At 4 o'clock on the morning of the 7th the French advanced under cover of a thick fog, and assaulted at once the centre, the right, and the left of Kutusoff's position. Such was the impetuosity of the charge that they drove the Russians from their redoubts but this was for a short time only as they rallied under every line of the fire from the French, and instantly advanced. Russian peasants who, till that hour, had never seen war, and who still wore their usual rustic dress, distinguished only by a cross sewed on it in front, threw themselves into the thickest of the combat. As they fell, others rushed on and filled their places. Some idea may be formed of the obstinacy of the contest from the fact that one division of the Russians which mustered 30,000 in the morning only 8,000 survived. These men had fought in close order, and unshaken, under the fire of eighty pieces of artillery. The Russians had the advantage of ground, of speaking but one language, of one uniform, of being a single nation, and fighting for the same cause. By 2 o'clock, however, according to the imperial bulletin, all hope had abandoned the enemy; the battle was at an end, although the cannonade was not yet discontinued. The Russians fought for their retreat and safety, but no longer for the victory.

The result of this terrible day, in which the French fired sixty-six thousand cannon balls, was that while the Russians were defeated they were far from routed. "However great may have been the success of this day," says Ségur, "it might have been still more so if Napoleon, instead of finishing the battle at 4 o'clock in the afternoon had profited by the remainder of the day to bring his Guard into the field, and thus changed the defeat of the enemy into a complete rout."

That the Emperor suffered intensely during the day is well-known. He had passed a restless night and a violent and incessant cough cut short his breathing.

As to his desire of preserving a reserve uninjured, and forming it from a chosen and devoted body, such as his Guard, Napoleon explained it to his marshals by saying: "And if there should be a second battle tomorrow, what could I oppose to it?"

General Gourgaud has added: "If the Guard had been destroyed at the battle of Moskowa, the French army, of which their guard constantly formed the core, and whose courage it supported during the retreat, could scarcely have ever repassed the Niemen."

This refusal of Napoleon to engage his Guard is generally held to have been one of his greatest military lapses. At the time they were demanded by Ney and others the enemy was all but beaten and the appearance of the Emperor at their head would in all probability have closed the day with a great victory to his credit, and, according to the opinions of many military men of this day, have ended the Russian campaign by this one battle.

Night found either army on the ground they had occupied at daybreak. The number of guns and prisoners taken by the French and the Russians was about equal; and of either host there had fallen not less than 40,000 men. Some accounts give the total number of the slain as 100,000.

The Russian commander fought desperately but was at last compelled to retire. His army was the mainstay of the country and had it been destroyed, the Czar would have found it difficult to form another.
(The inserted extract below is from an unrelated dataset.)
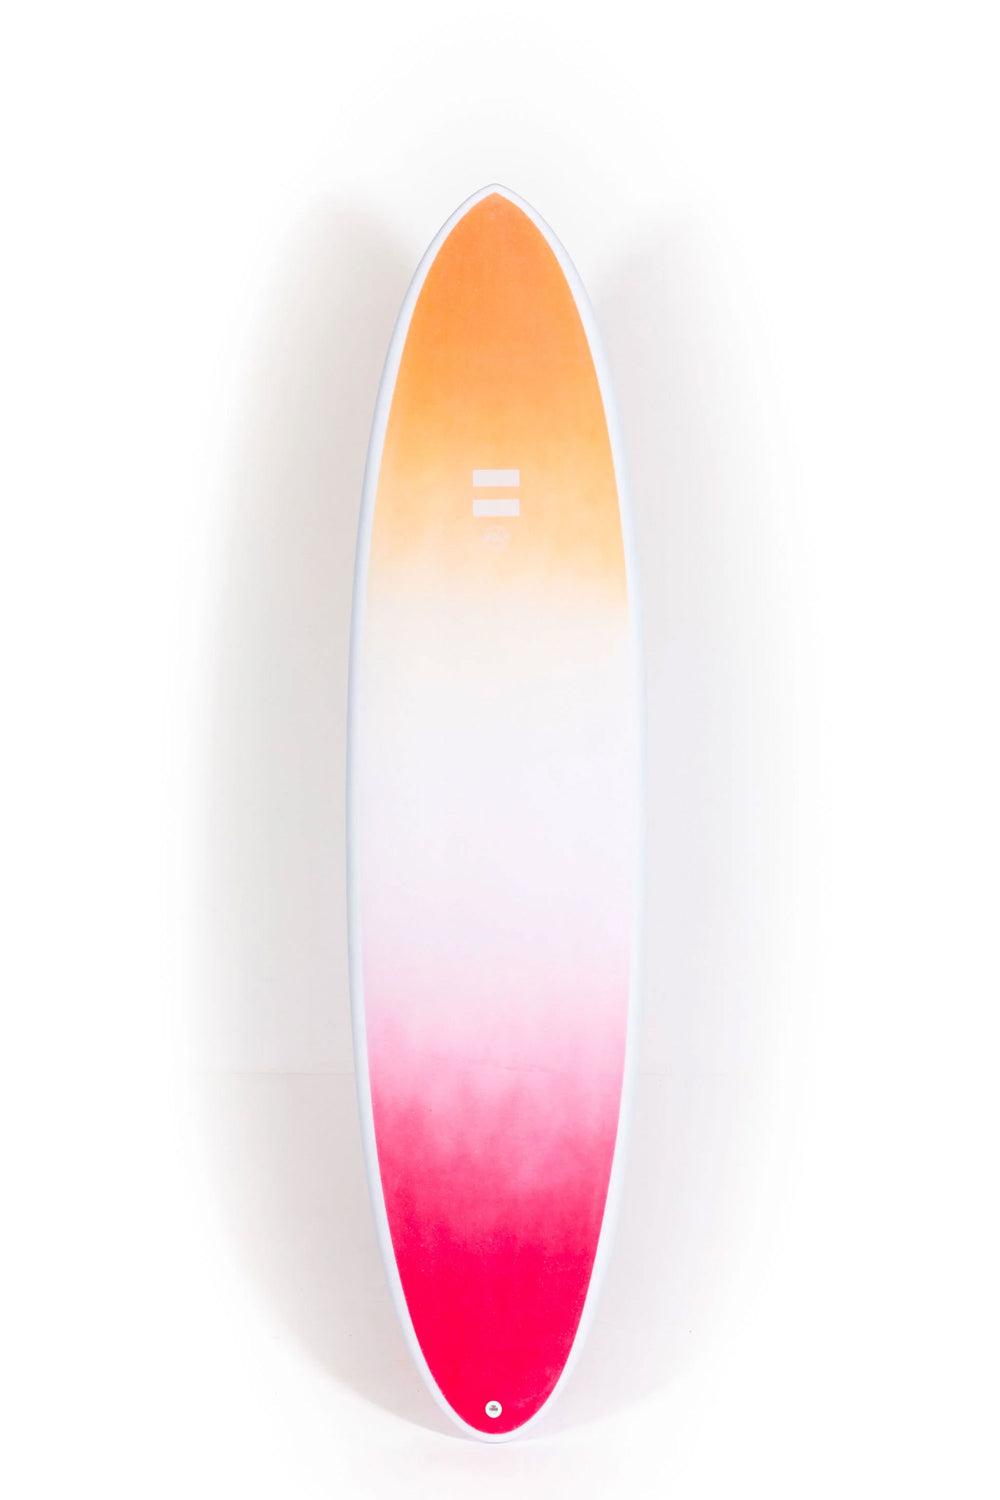 Pukas Surf Shop - Indio Surfboards - THE EGG Space - 7'10

Having ascertained then the extent of his loss and buried his dead, among whom was the gallant Bagration, the Russian withdrew from his intrenchment and marched on Mojaisk. Marshal Ney was rewarded for the noble share he had in the success of this battle, by the title of Prince of the Moskowa.

The small number of prisoners taken at Moskowa,—or Borodino as the battle is frequently called,—the circumstance of the Russians being able to carry away their wounded, and many other considerations amply prove that such another contest would have ruined Napoleon. The Russians ordered Te Deums to be chanted at Moscow in honor of what they termed a victory for themselves and Napoleon sent similar instructions to his bishops in France.